Example: Fallback Strategy

from openai import OpenAI
import httpx

client = OpenAI(
    base_url="http://localhost:8000/v1",
    api_key="not-needed",
    timeout=httpx.Timeout(10.0, connect=5.0)  # 10s total, 5s connect
)

def resilient_completion(prompt: str) -> str:
    """
    Try local model first, fall back to cloud if unavailable.
    """
    models_to_try = [
        "llama-3-8b",      # Try local model first
        "gpt-5.1",         # Fall back to cloud if local fails
    ]

    for model in models_to_try:
        try:
            response = client.chat.completions.create(
                model=model,
                messages=[{"role": "user", "content": prompt}]
            )
            return response.choices[0].message.content
        except Exception as e:
            print(f"Model {model} failed: {e}")
            continue

    return "All models unavailable. Please try again later."

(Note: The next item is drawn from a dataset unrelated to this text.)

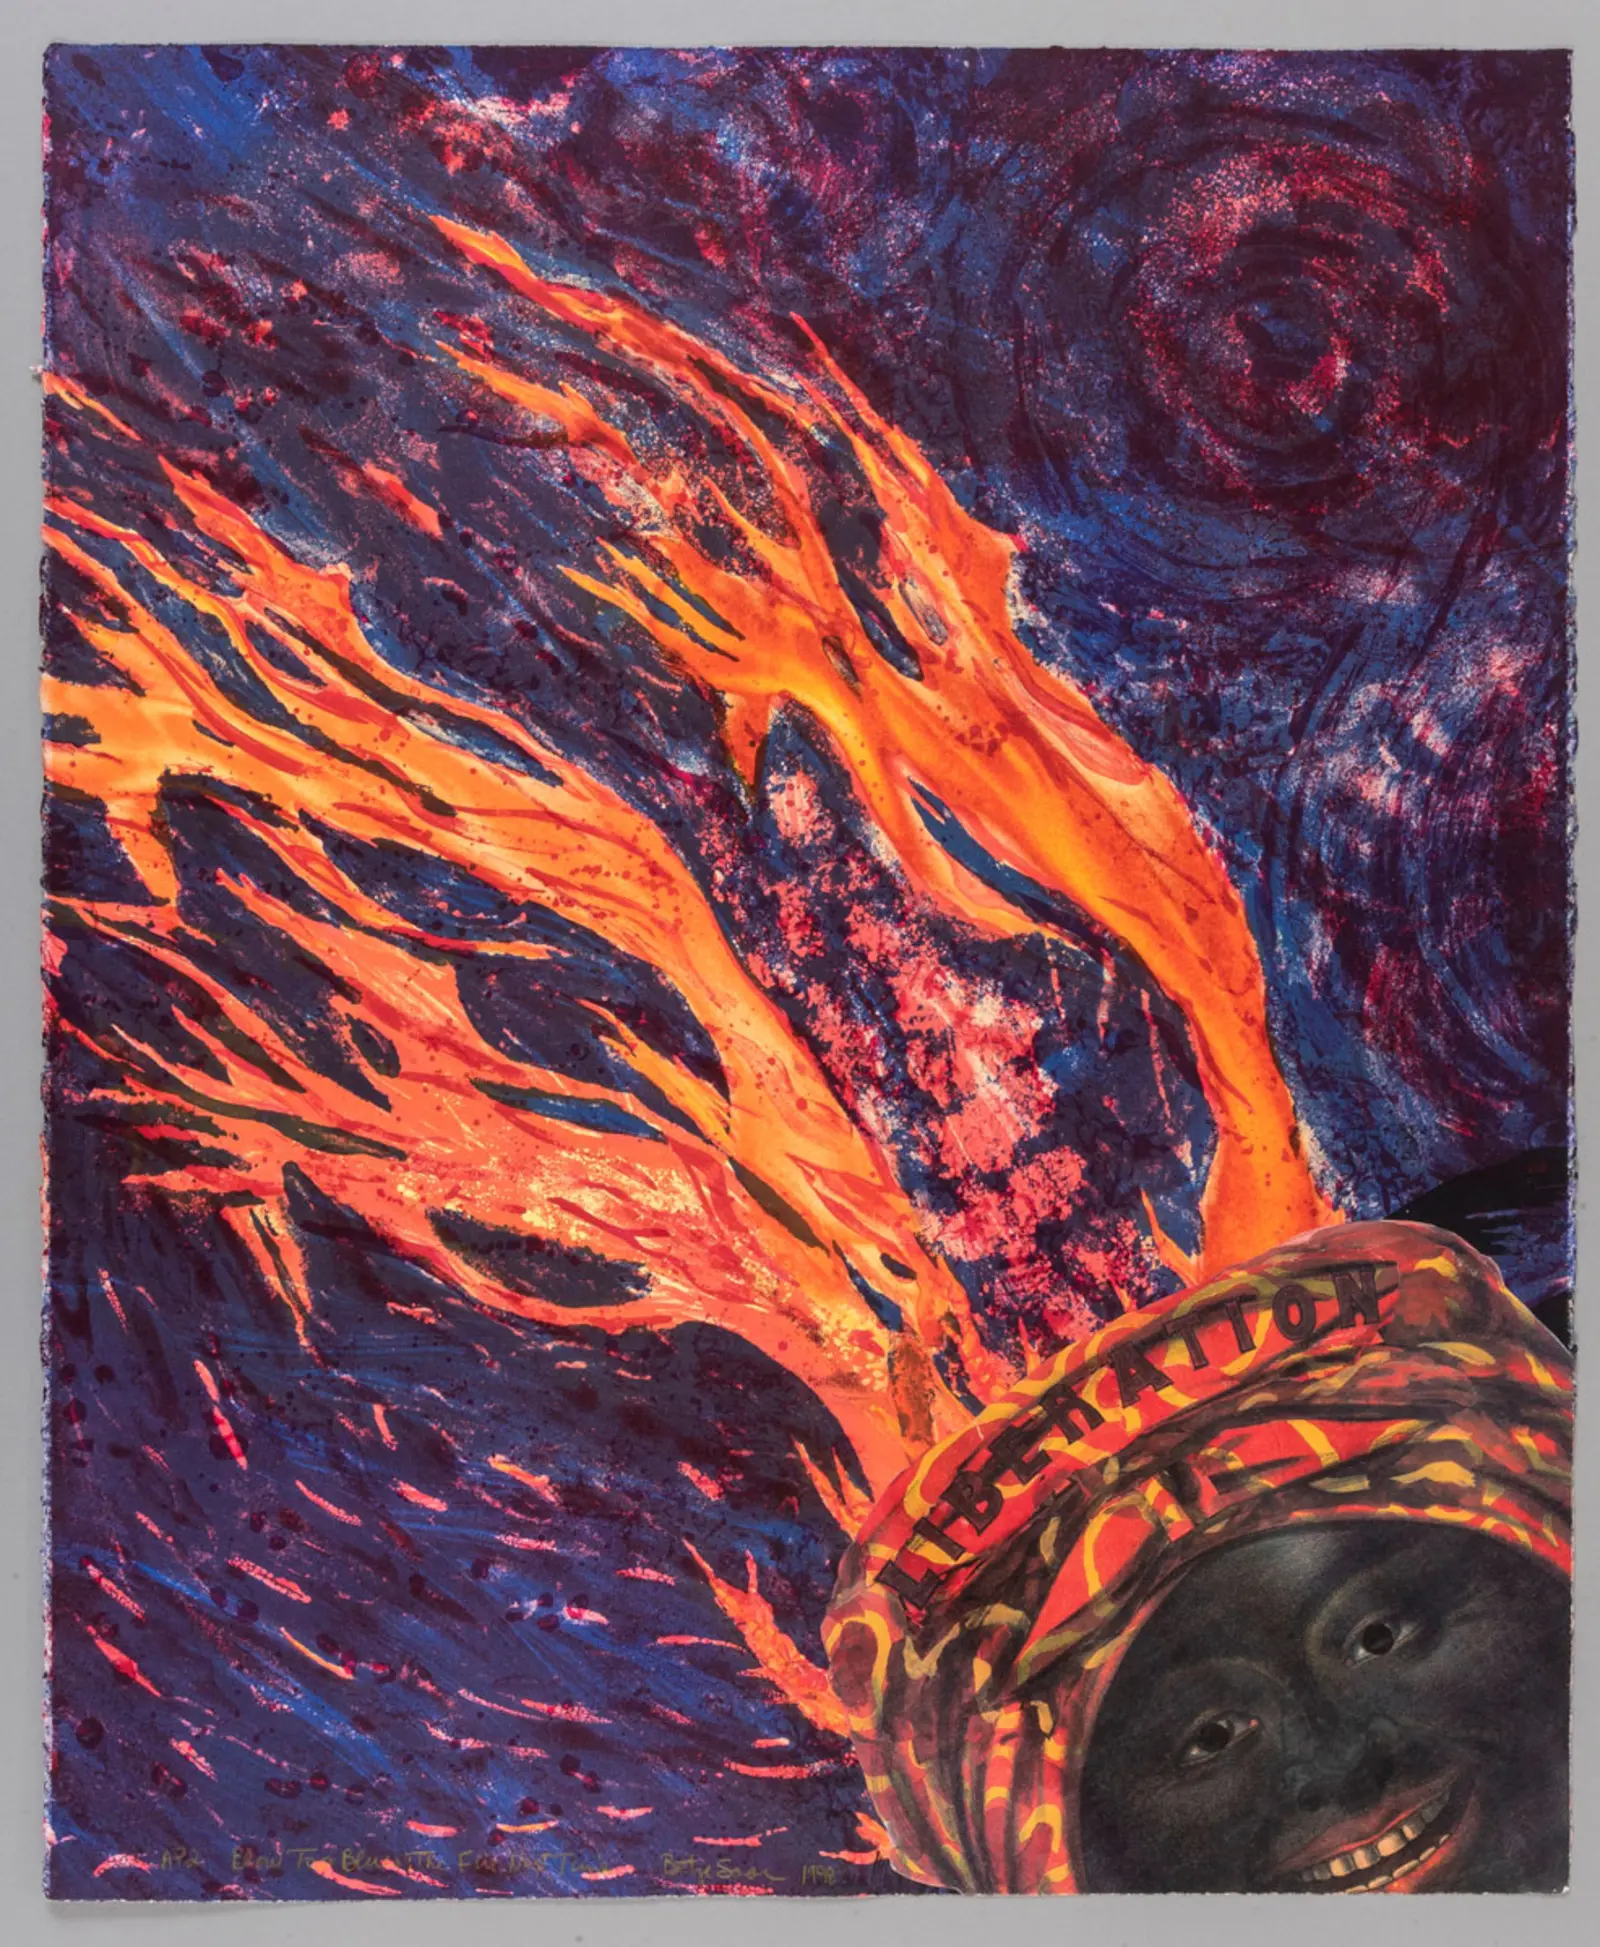 Litografía de una mujer negra que lleva un pañuelo con la palabra LIBERACIÓN mientras llamas brillantes salen disparadas de él sobre un fondo azul oscuro y morado.

result = resilient_completion("Explain neural networks")
print(result)

Troubleshooting

Problem Solution
Connection refused Make sure Backend.AI GO is running. Check that the internal API is active (port 8000) or the TCP server is enabled for external access.
Model not found Verify the model name matches exactly what's listed in Backend.AI GO's Models page. For local models, ensure the model is loaded. For cloud models, verify the provider is configured in Cloud Integration.
Slow responses Local models depend on your hardware. Try a smaller model, enable GPU acceleration in Engine settings, or use a cloud model for faster responses.
Authentication errors If you enabled authentication in Settings > Network, pass the configured API key in the Authorization header: Bearer your-api-key. For local access without authentication, set api_key="not-needed".
Streaming not working Ensure your HTTP client supports streaming and doesn't buffer the response. In curl, use --no-buffer. In Python, iterate over the stream immediately.
External access not working Verify the TCP server is enabled in the API page. Check that your firewall allows connections on the configured port. Use your machine's local IP address (e.g., 192.168.1.100), not localhost.